L’artiste écrit de façon totalement illisible, envahit l’intégralité des pages de chaque cahier, elle procède de la même façon pour ses prières sur feuilles volantes, et recouvre intégralement les feuilles d’une écriture linéaire ou composée en pavés afin de faire apparaître des croix latines dans des encadrements et des médaillons. Dans cette profusion d’écriture chargée en couleurs vives et qui oscille légèrement, l’artiste confère à ses prières une forme hors norme de dévotion incarnée : l’écriture est « vivante ».

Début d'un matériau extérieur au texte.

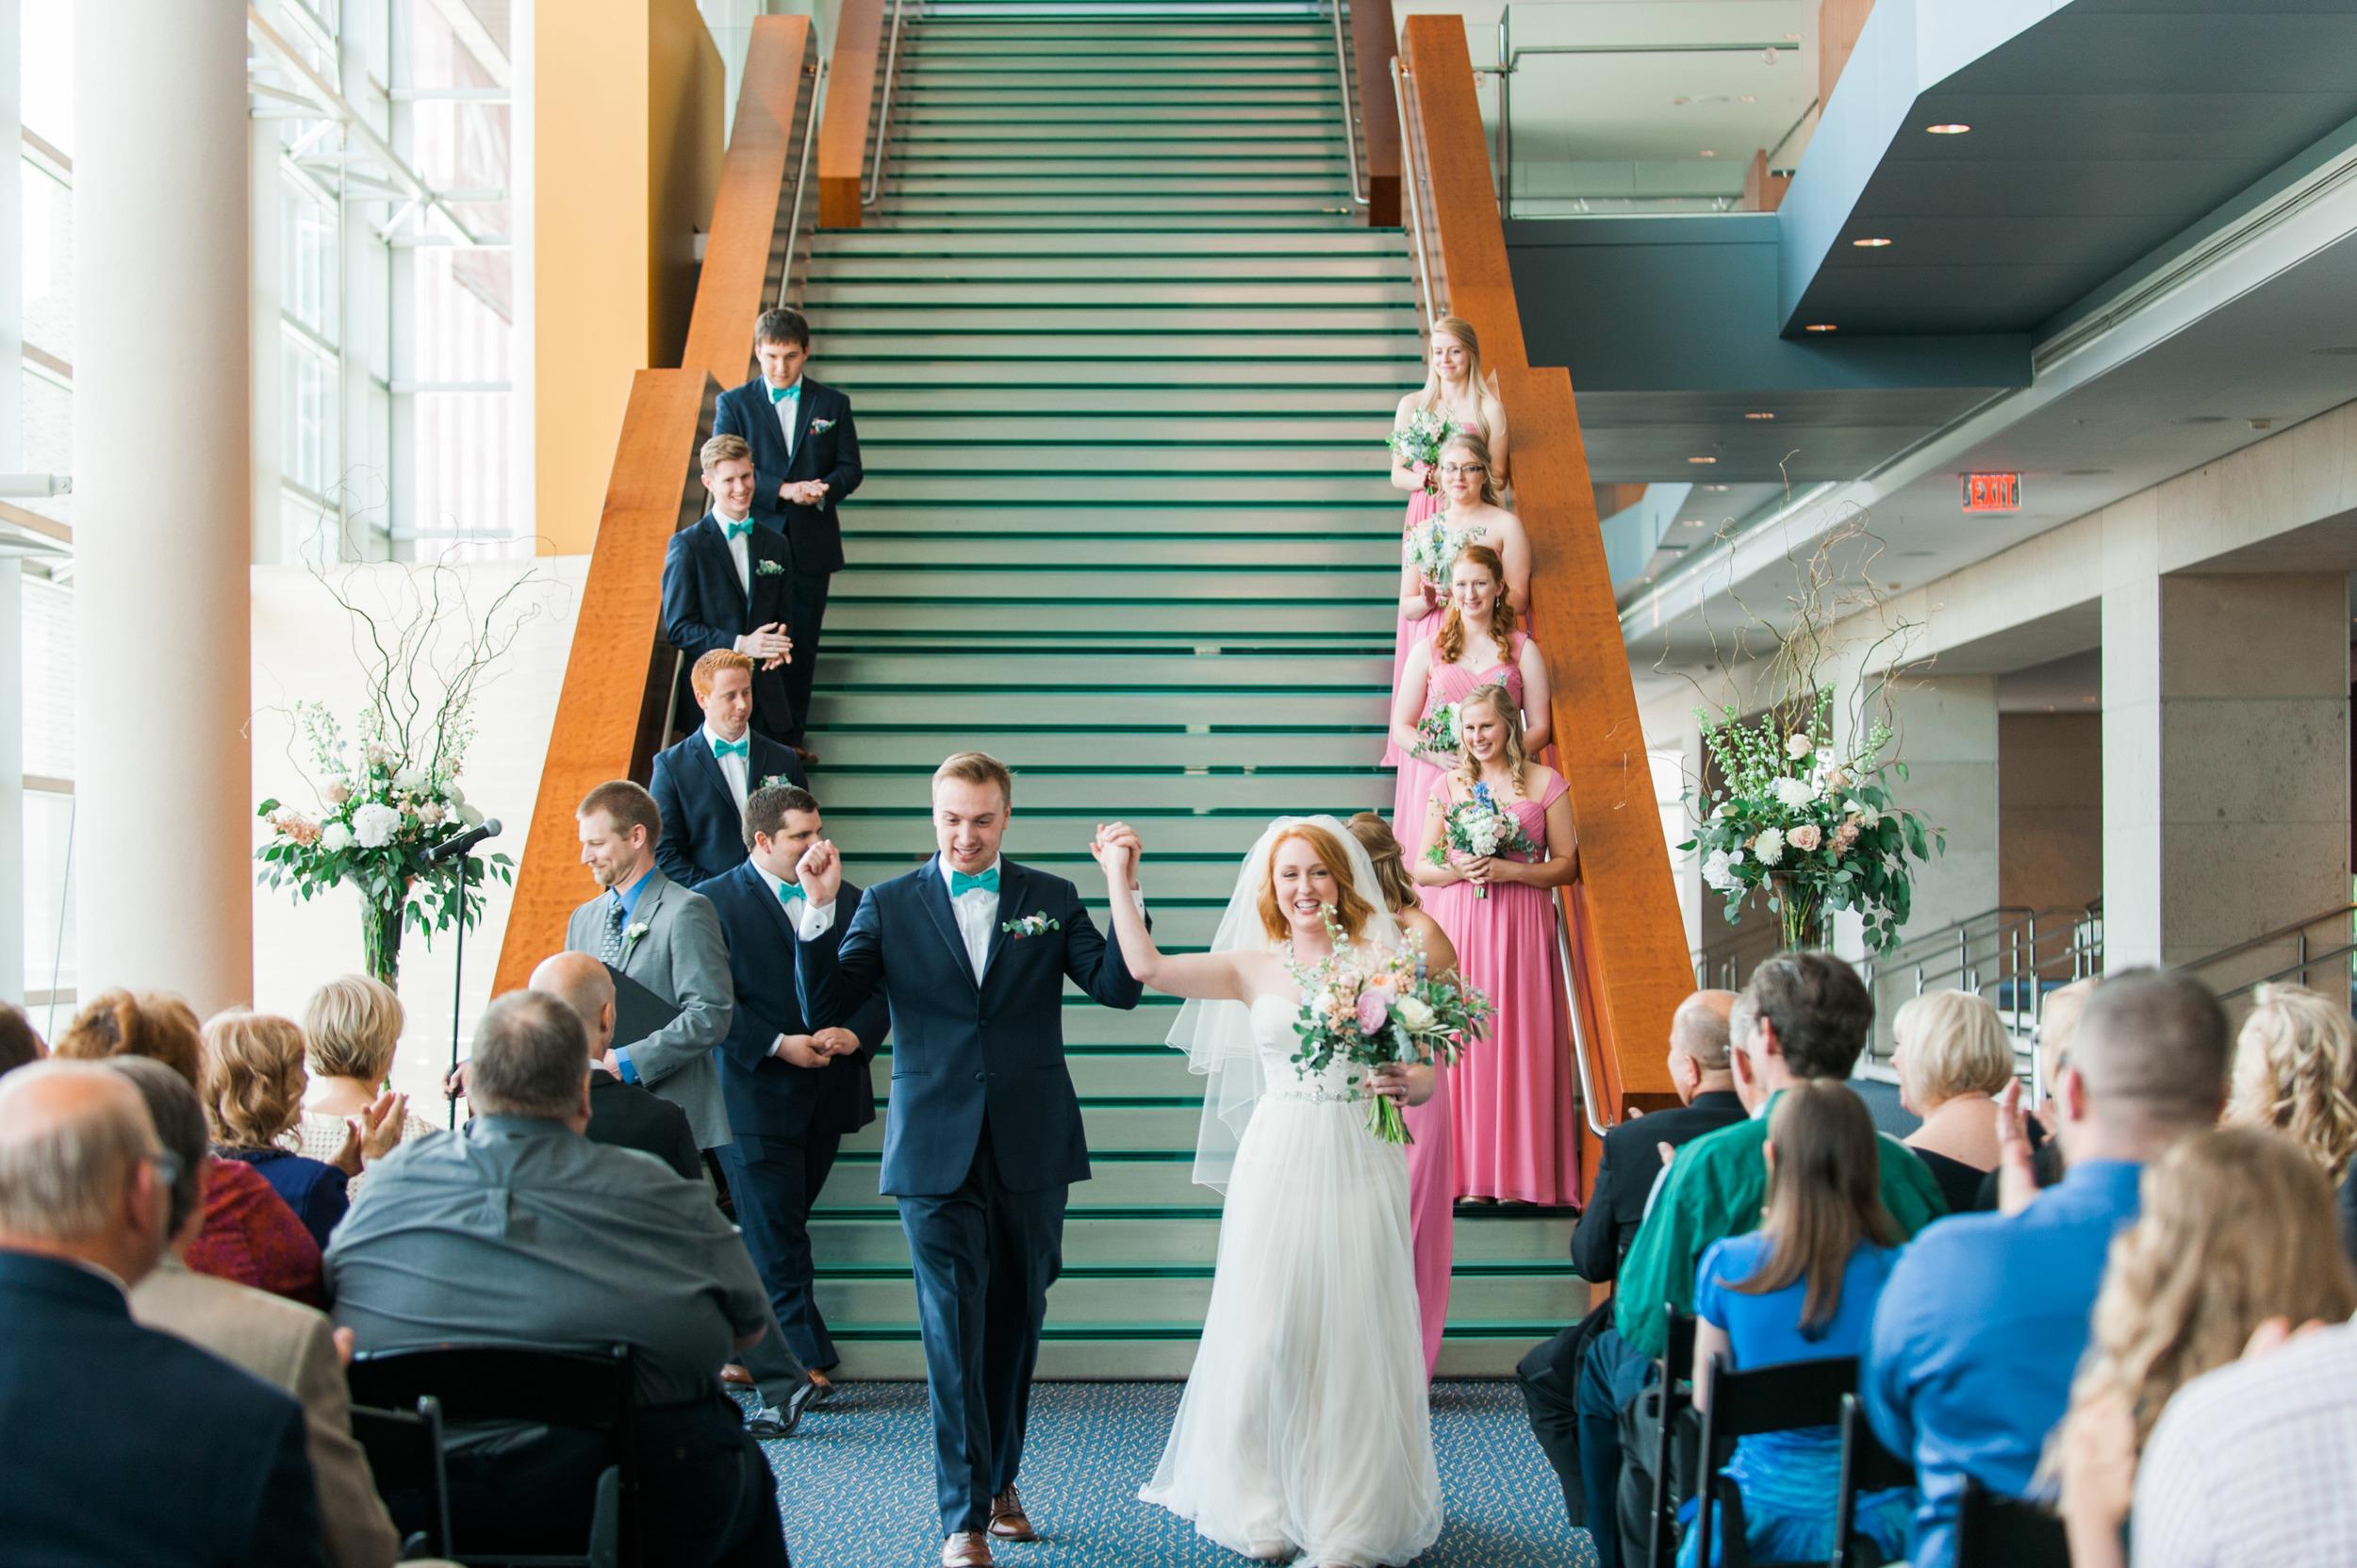 omaha-holland-arts-center-wedding-53.jpg
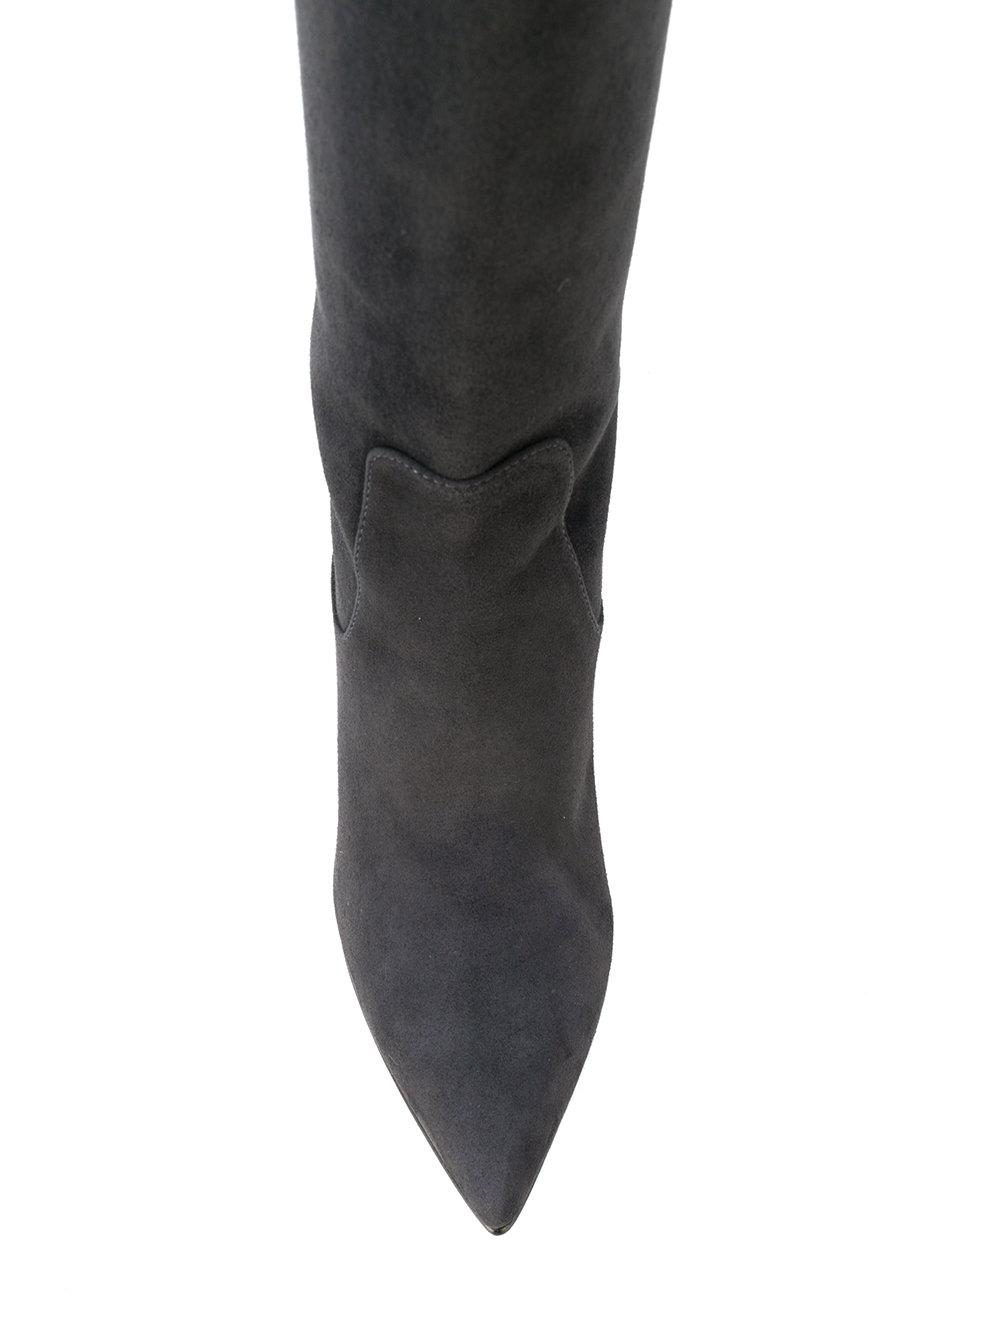 Unützer Suede Knee Boots in Grey (Grey)

Chez Jill Gallieni, tout est matière à vaciller, à nous faire également vaciller afin de laisser derrière soi des a priori inutiles concernant une expression résolument artistique. Quant à la rigueur, elle permet à Jill Gallieni de composer avec une écriture aussi libre ses cahiers de prières ainsi que ses sculptures de Poupées et l’autorise même à sculpter dans Les communiantes la Croix du Christ qui chavire d’émotion en embrassant ses jeunes croyantes.
Yves Sabourin
Biographie
Née à Aix en Provence en 1948, d’une mère américaine et d’un père français. Elle vit et travaille à Paris.
Depuis toujours Jill Galliéni utilise pour ses créations du tissu, avec lequel elle crée d’étranges sculptures-poupées, des groupes de poupées, puis aussi des dessins textiles.
Parallèlement elle a un autre travail qui sont « les prières », encre sur papier, où elle remplit des pages de mots incompréhensibles pour le regardeur qui ne peut y voir que des dessins, des enchevêtrements, mais qui sont en fait bien réellement des prières (sur cahier, comme présenté dans la vitrine, ou sur feuilles libres).
Les sculptures et dessins textiles sont représentés par Marie Finaz Gallery.
Les cahiers et prières par la Galerie Christian Berst.